Par le profit qu’il engrange, le commerce informel de l’or attire un nombre impressionnant de jeunes. Saif Eddine (27 ans) a été exclu du système scolaire. Habitant le quartier, il a rejoint le fief des vendeurs d’or à la sauvette. « Quand j’avais 20 ans, les ‘delelates’ me demandaient de monter la garde afin de les protéger d’éventuels voleurs. En fin de journée, je rentrais chez moi avec quelques billets. Les études, ce n’était pas mon truc alors j’ai laissé tomber mon cartable pour investir ce créneau. J’achète de l’or cassé que je revends aux ateliers de fabrication. Je claque tout mon fric. Des ‘collègues’ plus économes ont pu  se payer des voitures et des appartements. Pas moi. L’argent me brûle les doigts. Ce boulot a plein d’inconvénients ; travailler dans la rue est épuisant sur le plan psychologique. Je me suis fait embarquer plusieurs fois par les policiers. De plus, ma conscience me turlupine. Je ne sais jamais si l’or que j’achète n’est pas le fruit du ‘hram’. Pas de facture, aucune traçabilité. Par ailleurs, comme certains vendeurs ambulants, je subis le racket. Une sorte de code qu’on appelle Laftouh’. Si un nabab du marché informel de l’or te demande d’allonger le blé, il faut lui donner sa part. Je suis à la recherche d’un vrai boulot mais pour le moment je ne trouve rien ».

Jeu de chat et souris

Un marché qui engrange des milliards de dinars sous le nez des services de sécurité. La vente illégale de ce métal précieux se déroule au vu et au su de tout le monde. Toutefois, il arrive que les policiers donnent un grand coup de pied dans la fourmilière. Khouiled, un autre vendeur ambulant de bijoux en or de la rue Ben M’hidi est récemment tombé dans leurs filets «  On m’a saisi mon coffret de bijoux. Des bagues, bracelets, boucles d’oreilles…De l’or à 24 carats. Il y en avait pour 900 millions de da ». Adossé à la façade d’un immeuble, Khouiled a les yeux qui roulent comme des billes. Son cou se déploie comme celui d’une girafe. Sur le qui-vive, il guette l’apparition des policiers, prêt à détaler tel un lièvre à la moindre alerte, son coffret de bijoux sous le bras.  À la question de savoir s’il n’était pas échaudé par la précédente saisie khouiled répond «  c’est un business juteux. Qui a goûté au miel ne peut s’en passer ».

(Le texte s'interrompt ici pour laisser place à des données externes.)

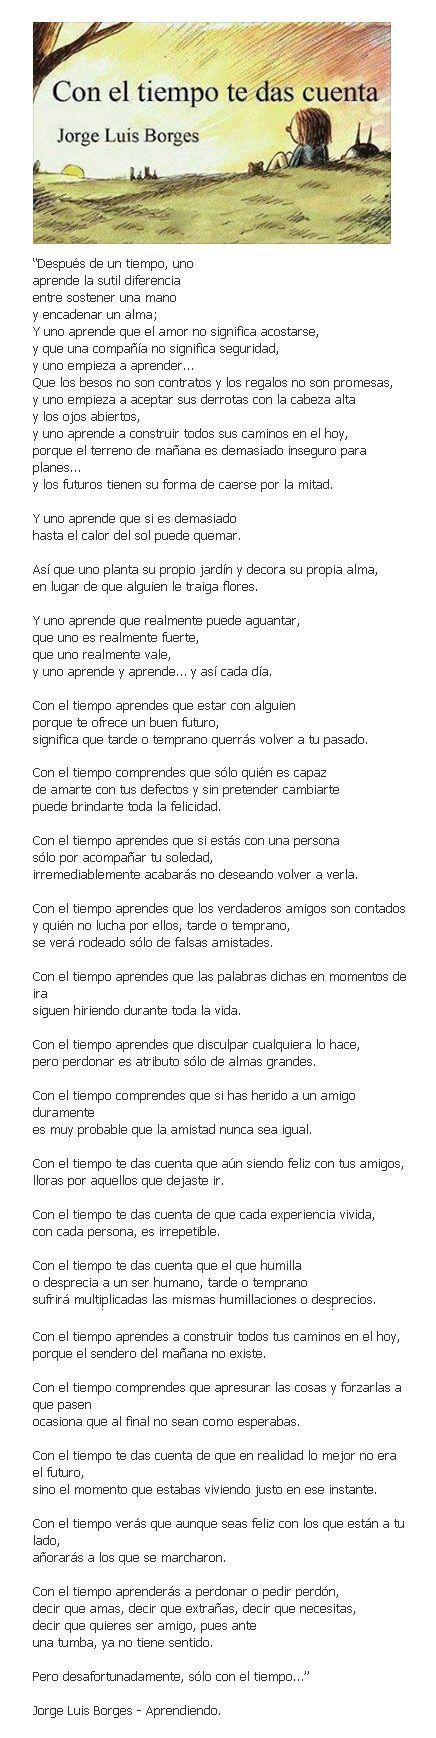 Jorge Luis Borges... y uno aprende...:

Dans ce commerce parallèle, les femmes ne sont pas en reste. Cous, poignets et doigts ornés de bijoux, les ‘delalate’ ressemblent à de véritables bijouteries ambulantes. Bagues, chaînes, gourmettes, bracelets, boucles d’oreilles, il y en a pour tous les prix et pour toutes les qualités «  Ces bijoux viennent principalement d’Italie. C’est beaucoup moins cher qu’en bijouterie. Cela démarre de 10 000 da selon le  modèle. Pour vous rassurer sur le grammage de 24 carat, je vous accompagne chez un bijoutier » nous lance une sexagénaire installée sur un tabouret, au pied de l’entrée d’un immeuble.

Comme celui de la devise, le marché informel de l’or prolifère en toute impunité sur le circuit parallèle engrangeant des fortunes qui passent à travers les mailles du fisc. Tout ce trafic se pratique à ciel ouvert, au vu et au su des pouvoirs publics.